The Victorian novel and the Victorian big house rose together in historical prominence, and their ascent was entangled and messy. The bourgeois domestic became the thing of stories, the household became the site of identity and history and nation, and words like structure, style, content came to apply to as much to fiction as to architecture. Houses became one of the most common ordering principles. We read homes for signs of class and taste and lifestyle. They provide a space for memory, they stand for characters’ interior psyches or the characters themselves. We inscribe ourselves upon the material of our homes and our homes inscribe themselves onto the material of us. The walls do speak in house novels when the material of the home and the material of fiction become one in the same.

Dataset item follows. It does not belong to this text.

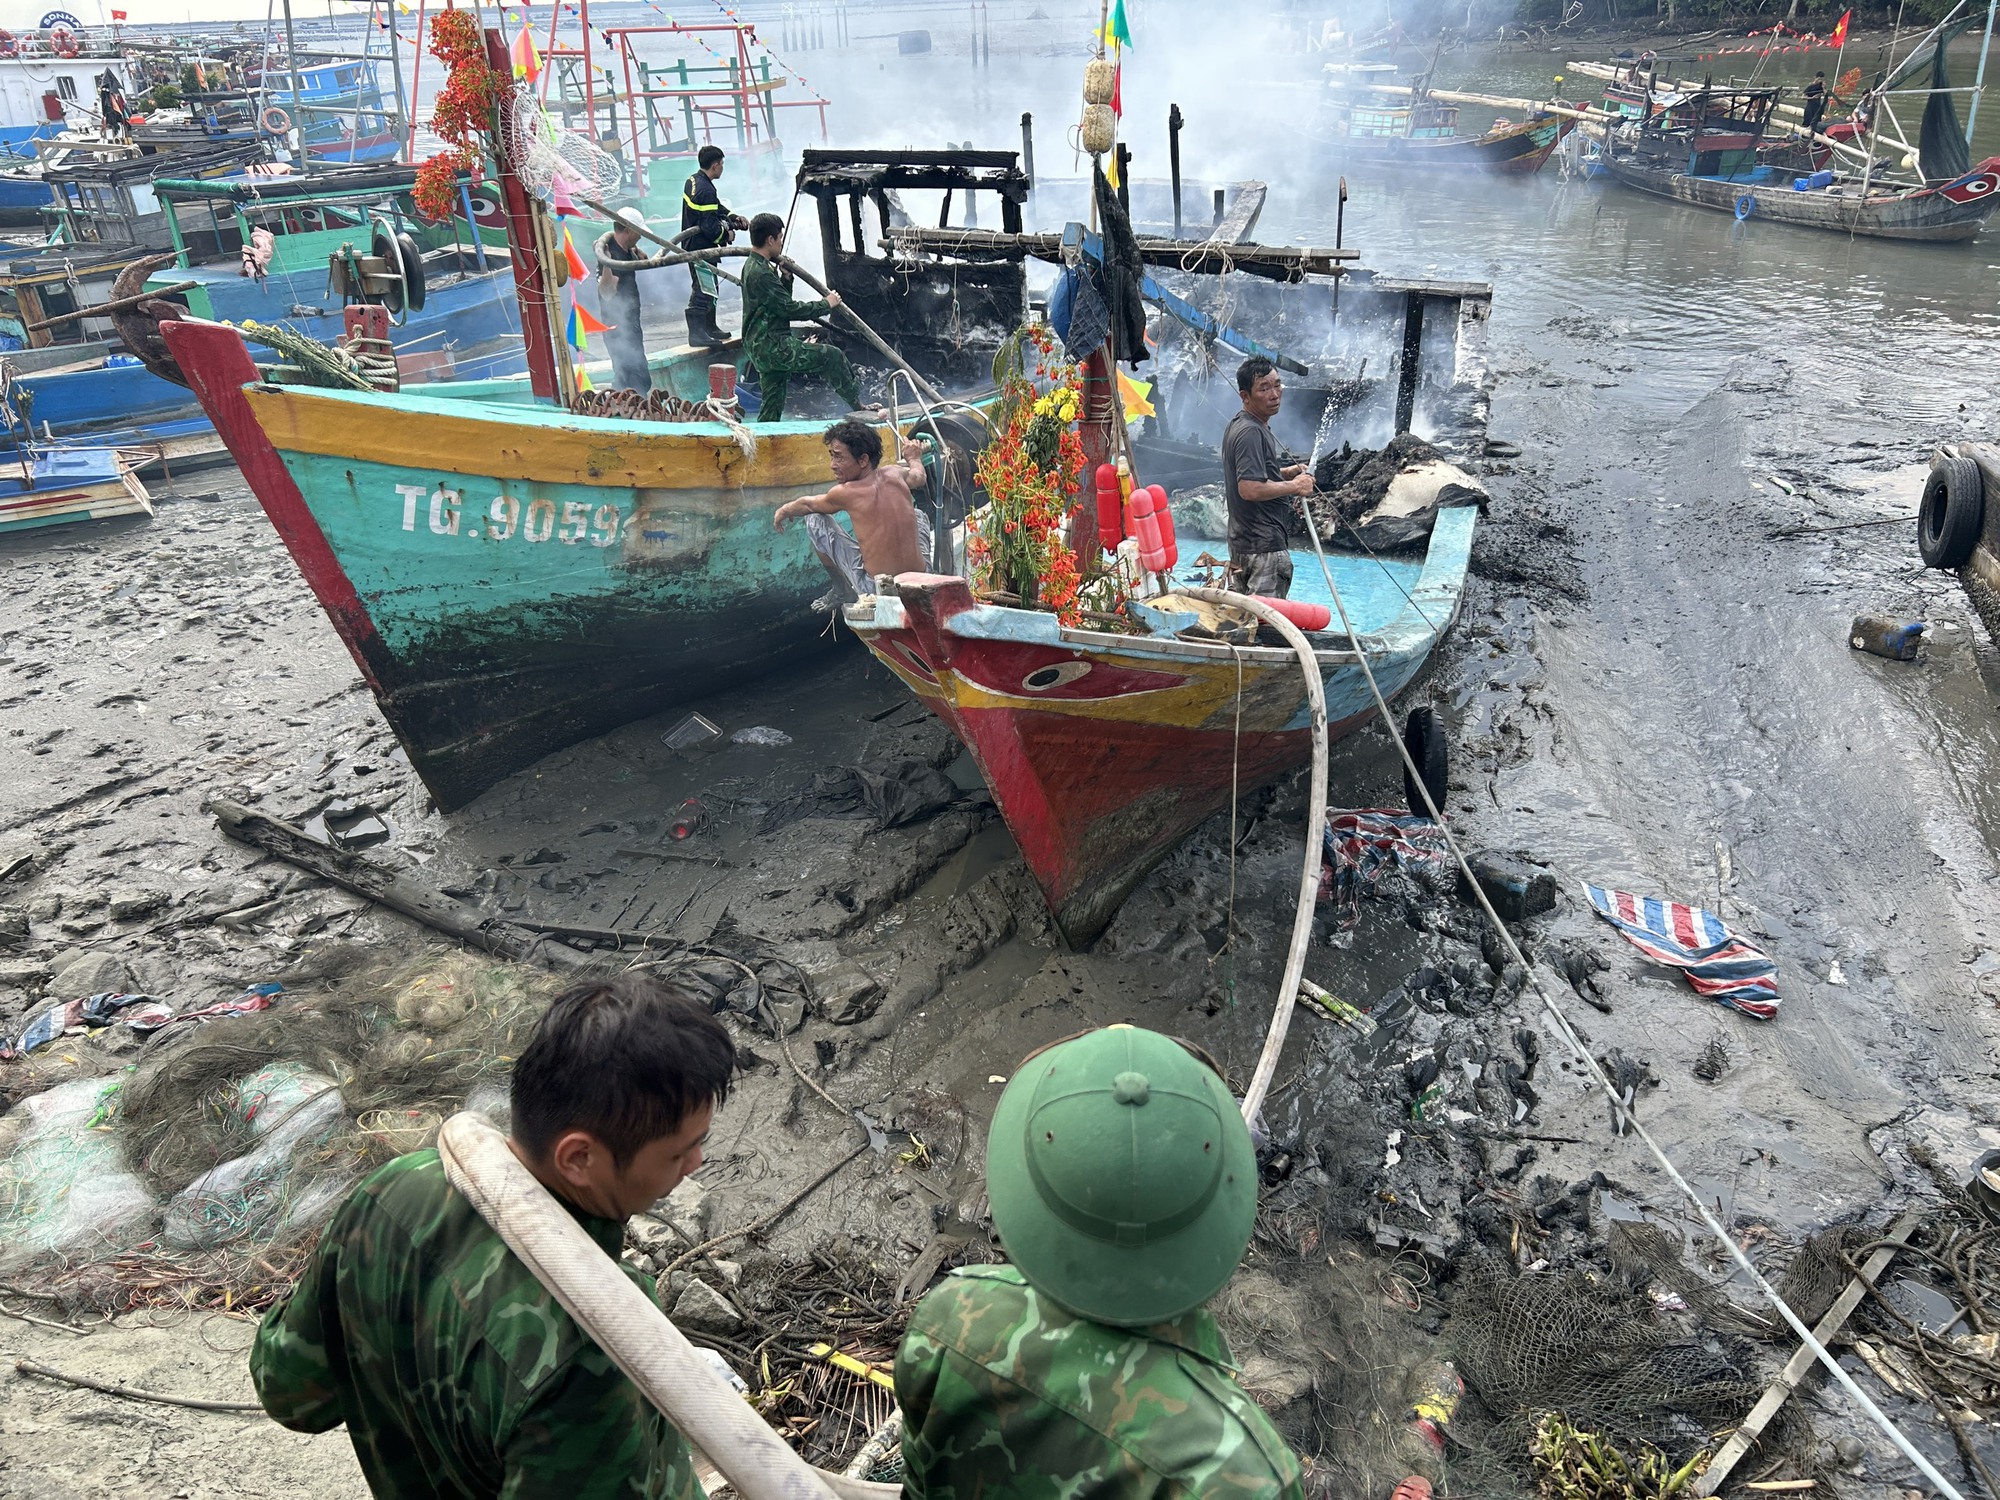 Hỏa hoạn bùng phát tại bến neo đậu tàu cá ở Cần Giờ, ngư dân thiệt hại nặng- Ảnh 1.

From that cabin on Walden pond to Gatsby’s silly façade of a mansion to Faulkner’s decaying southern plantation homes, the American literary terrain is dotted with great houses and I wrote into that tradition, attempting to navigate between that intrinsically American need to roam and to wander and that ultimate desire for roots and stability and history. When my mother tells stories, she’ll oscillate through decades like she is giving a tour of a house with no walls: her grandfather shooting groundhogs on the porch, her great-grandmother boiling down jam in the kitchen, her mother playing Super Nintendo with me in the back bedroom. I wanted to write fiction with that kind of whirligig prose.
My protagonist, a queer twenty-something-year-old with a penchant for woodcarving and self-indulgent reverie, navigates the topography of his old frontier mountain home. He visits one room per chapter, awakening seven generations of memories written in the very architecture of the house, spinning myths of childhood and generations gone and mourning a heritage that presses its weight against his lonely, celibate lifestyle. The form destabilizes silly notions of chronology and genealogy, and explodes family history with the chaotic, unknowable force of the queer, memories coming to rest in the beautiful mess that can only to be found among an oversaturated past and the violent political battleground that is the home.